Titanic (Kaggle) – Machine Learning in Python

This was actually one of the very first projects that I did for exploring Machine Learning in Python. My primary goal was to get a basic understanding about how Machine Learning works, all the way from basic data exploration, how to select reasonable variables, encoding categorial variables such as sex, all the way up to clustering passengers in different age categories to enhance the learning process.

All the data was taken from Titanic: Machine Learning from Disaster (Kaggle Competition)

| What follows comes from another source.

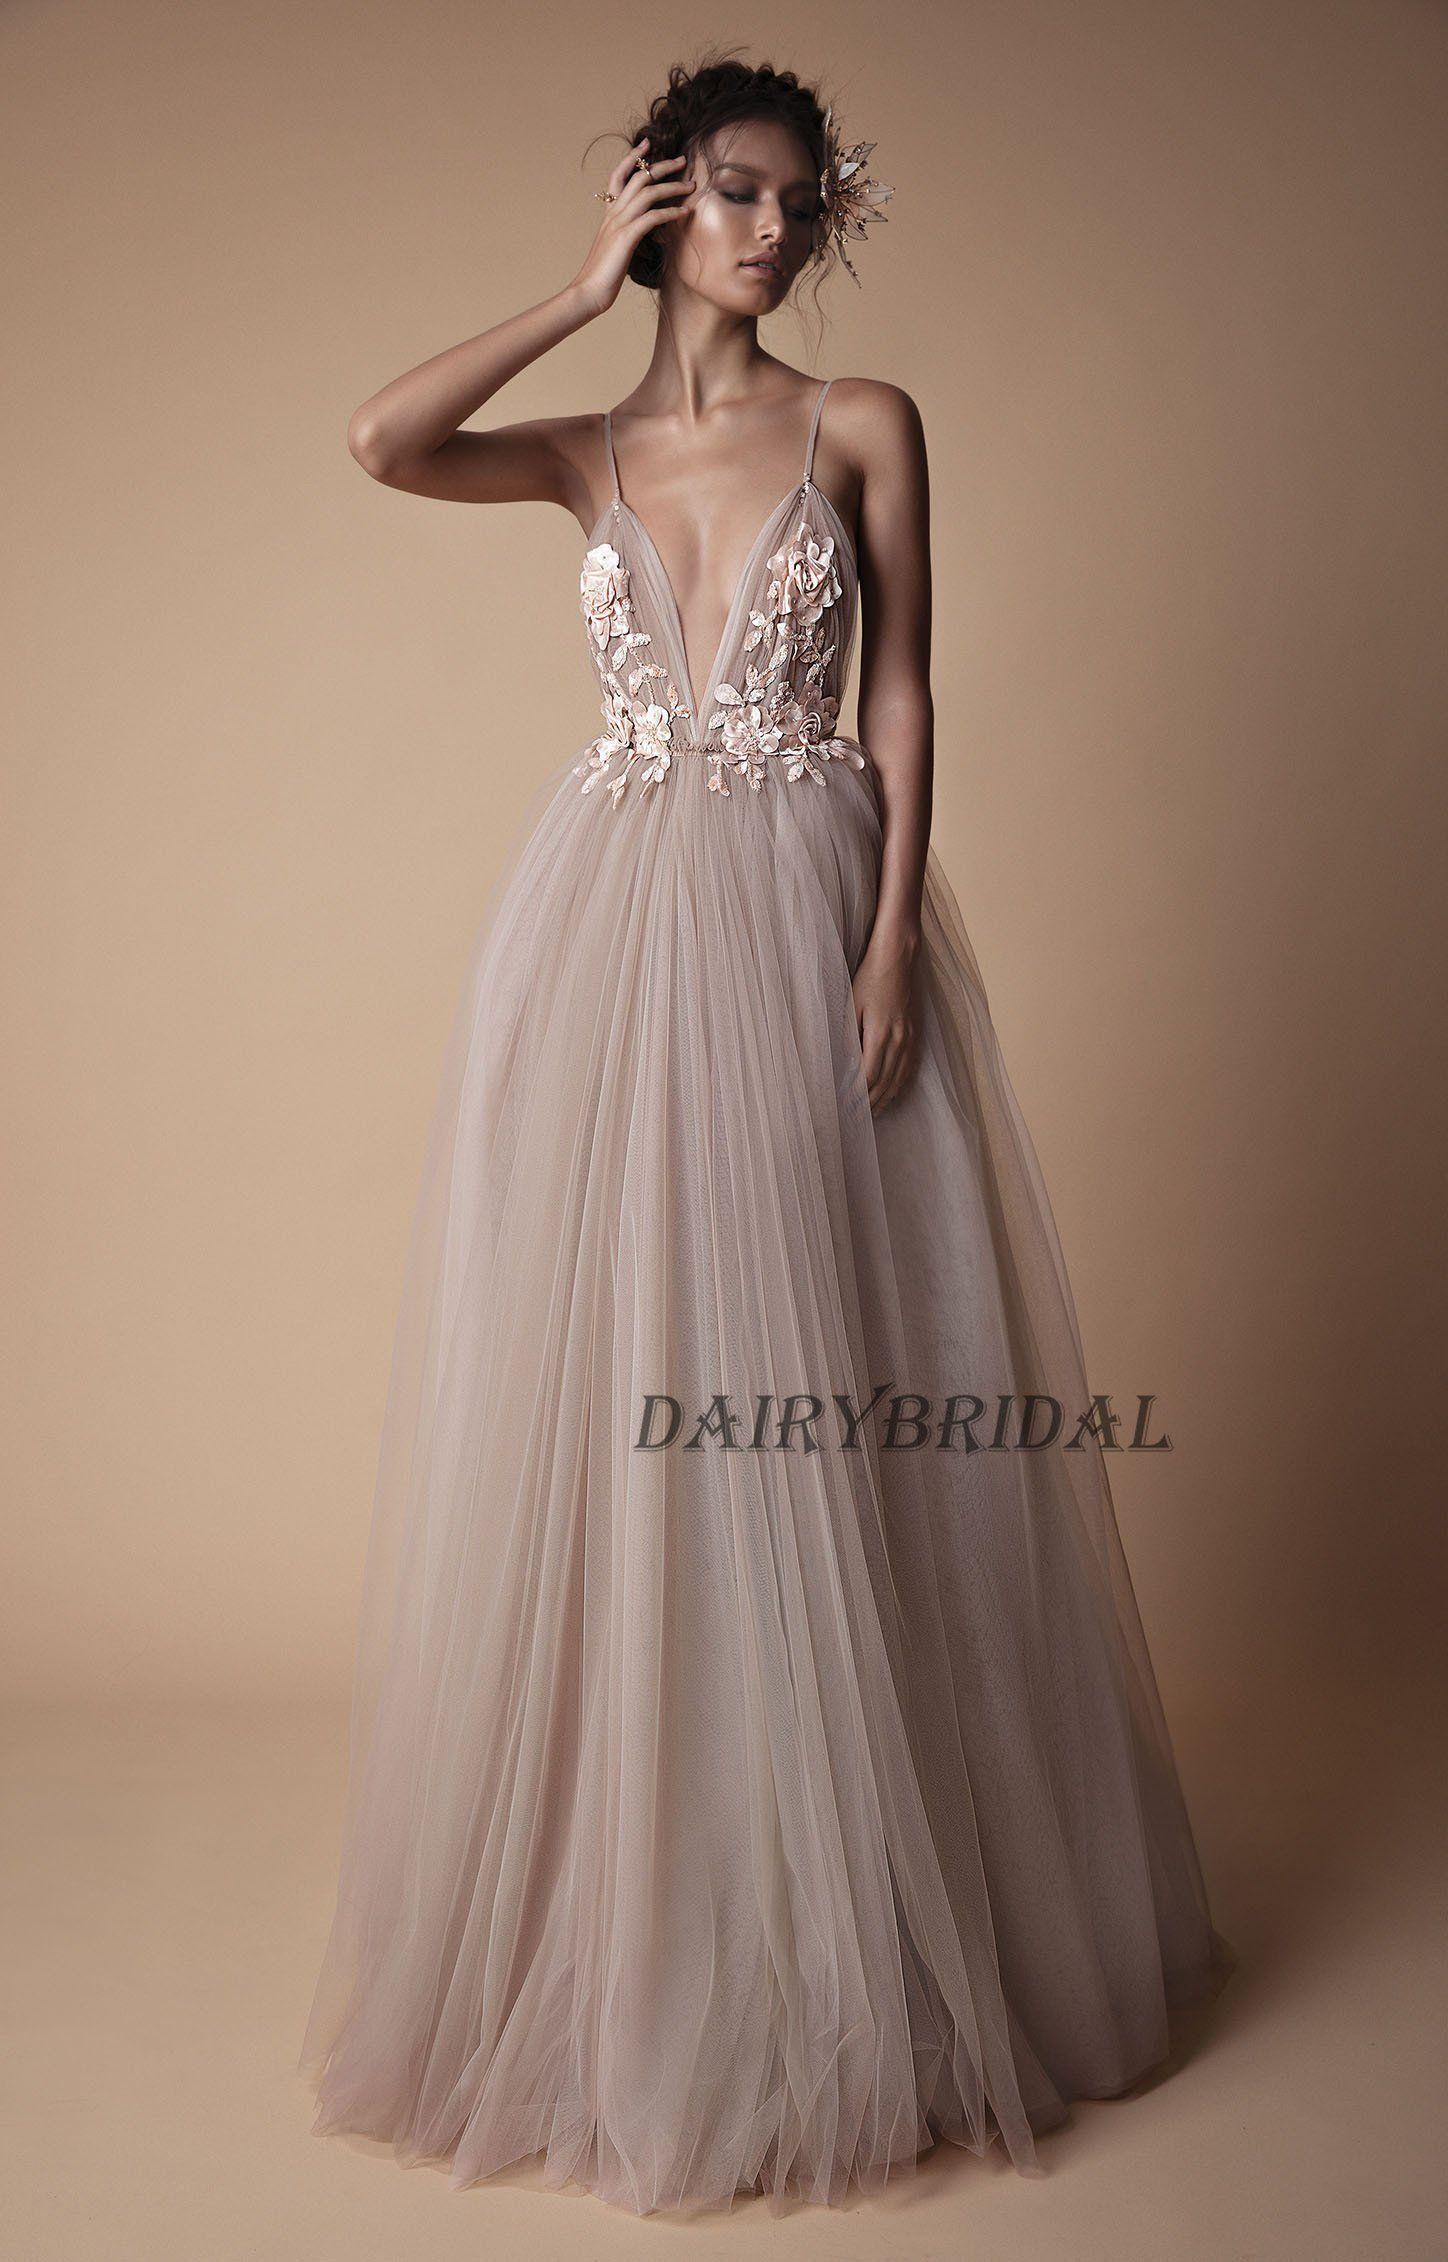 95a444702a03998 Вечерние Наряды · Торжественная Вечеринка · Свадебное Платье · Советы О  Моде · Spaghetti Straps Prom Dress, Deep V-Neck Prom Dress, Tulle Prom  Dress,

Step 1 Importing Libraries as well as train and test set
import numpy as np
import pandas as pd
from sklearn.linear_model import LogisticRegression
from matplotlib import pyplot as plt
from sklearn.model_selection import train_test_split
from sklearn.metrics import accuracy_score
from sklearn.model_selection import cross_val_score
import seaborn as sns

test = pd.read_csv("/Users/niklaskuehn/Desktop/Python and Machine Learning/kaggle Datasets/titanic/test.csv")
train = pd.read_csv("/Users/niklaskuehn/Desktop/Python and Machine Learning/kaggle Datasets/titanic/train.csv")
Step 2 Some basic Data Exploration
correl = train.corr()

### Create a Seaborn Heatmap that visualizes the correlation of the different variables in the dataset
plt.figure(figsize=(12,8))
sns.heatmap(correl,annot=True, cmap='coolwarm',fmt=".1")
plt.show()

### Show the distribution of Age and Passenger Class
Class1 = train[ train["Pclass"] == 1]
Class2 = train[ train["Pclass"] == 2]
Class3 = train[ train["Pclass"] == 3]

Class1["Age"].plot.hist(alpha=0.5, color="red", bins=50)
Class2["Age"].plot.hist(alpha=0.5, color="blue", bins=50)
Class3["Age"].plot.hist(alpha=0.5, color="green", bins=50)
plt.show()

### Show the distribution of Age and Survived
Survived1 = train[train["Survived"] == 1]
Survived0 = train[train["Survived"] == 0]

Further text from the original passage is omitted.